I didn't believe in gouging any customers on price when beef became scarce. Because of this, our customers regarded the K-10 brand with goodwill. They came to me first when there were gluts.

I wasn't entirely happy in the cattle business. One day blended into the next. I wanted to have more to look back on in my life than stories of raising cattle and driving them to market. I had more of those stories than anyone ever wanted to hear, and more than I cared to think about.

"If you think we can do good for your world with the brrkup, I want to help you in whatever way I can, Buck," Graax said when I asked him if he'd move to Contention City with me.

"We can make only six brrkups per day, though.
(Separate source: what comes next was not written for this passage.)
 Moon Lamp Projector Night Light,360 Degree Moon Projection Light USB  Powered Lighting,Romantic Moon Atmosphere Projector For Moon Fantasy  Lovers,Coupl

There are limits to the equipment."

"That'll be fine," I said. Maybe make the world better six people at a time. "And we can make them ahead of time, right?"

"Yes, although they won't work after a week or two," Graax said.
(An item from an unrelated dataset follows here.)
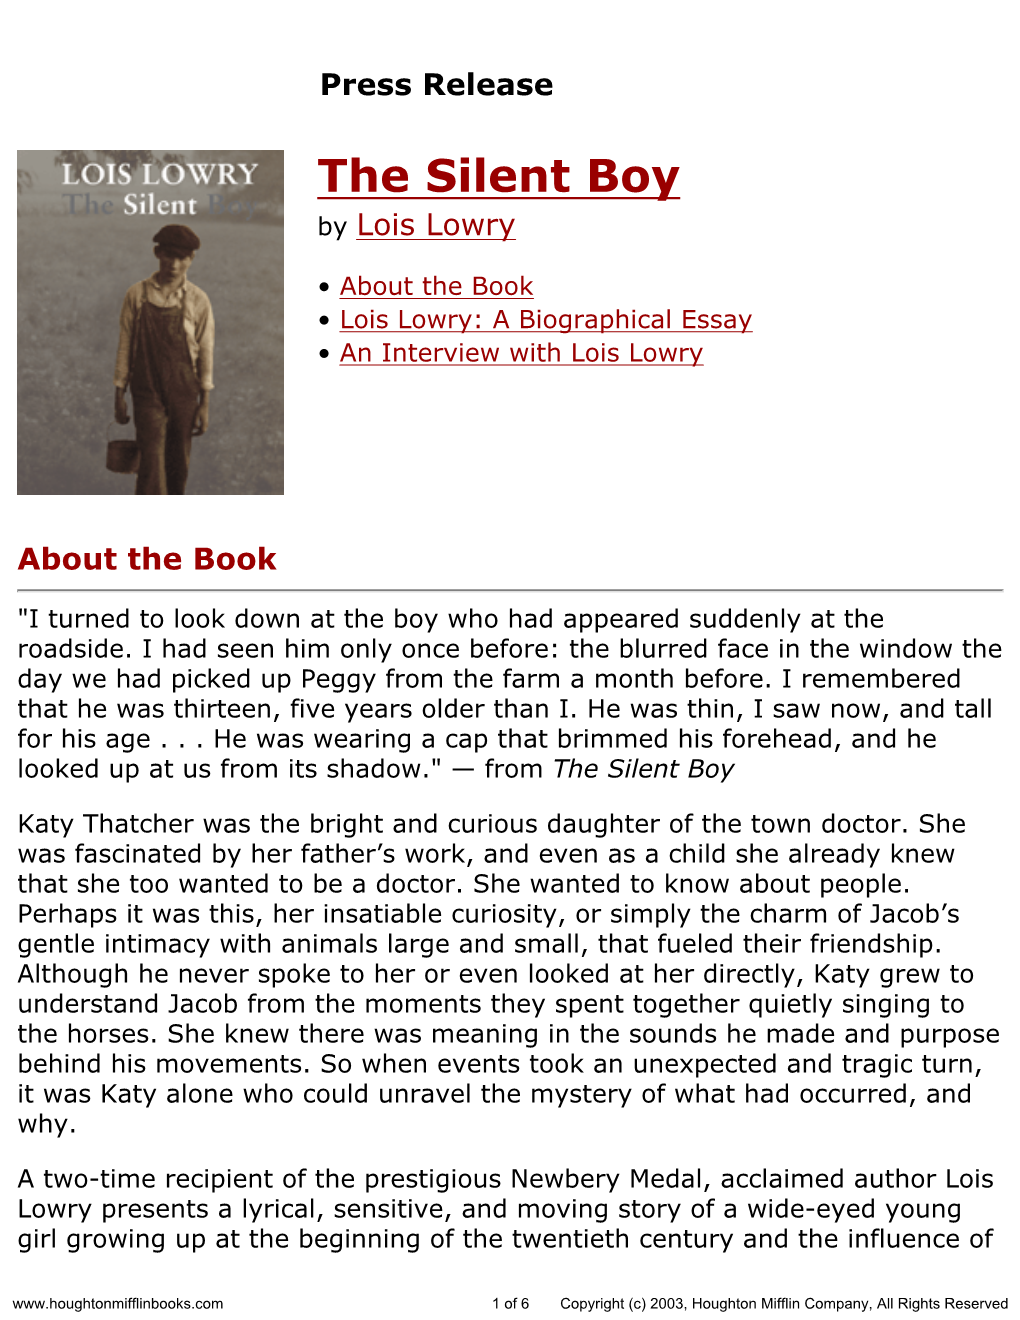 Press Release for the Silent Boy Published by Houghton Mifflin

I needed him. There was a lot I didn't know about the brrkup that I had to if I was going to use it when I became sheriff. I only knew enough to put them in and make more. 

"Then I'm going to go do it if they'll have me," I said. "It'll be good for us. I need to get out of ranching, and you need to make a report to your bosses on Squaattoos. This job will be good for that. You're going to meet the good people and the bad and every shade of people in between!"

"That's good Buck!" Graax said. "I'm glad to be of help."

I suggested he go to Tucson to see the University of

Arizona. It was the best we had out here. "With the rate you learn, you'll likely learn every fact in the place in a month, if not sooner. Then you can come back and see if we're going to be the sheriffs of Contention City."

I got together everything I needed for a week in Contention. Edith packed up two bundles of hardtack for Graax and me for when our money ran out, and eating in the restaurant got too expensive.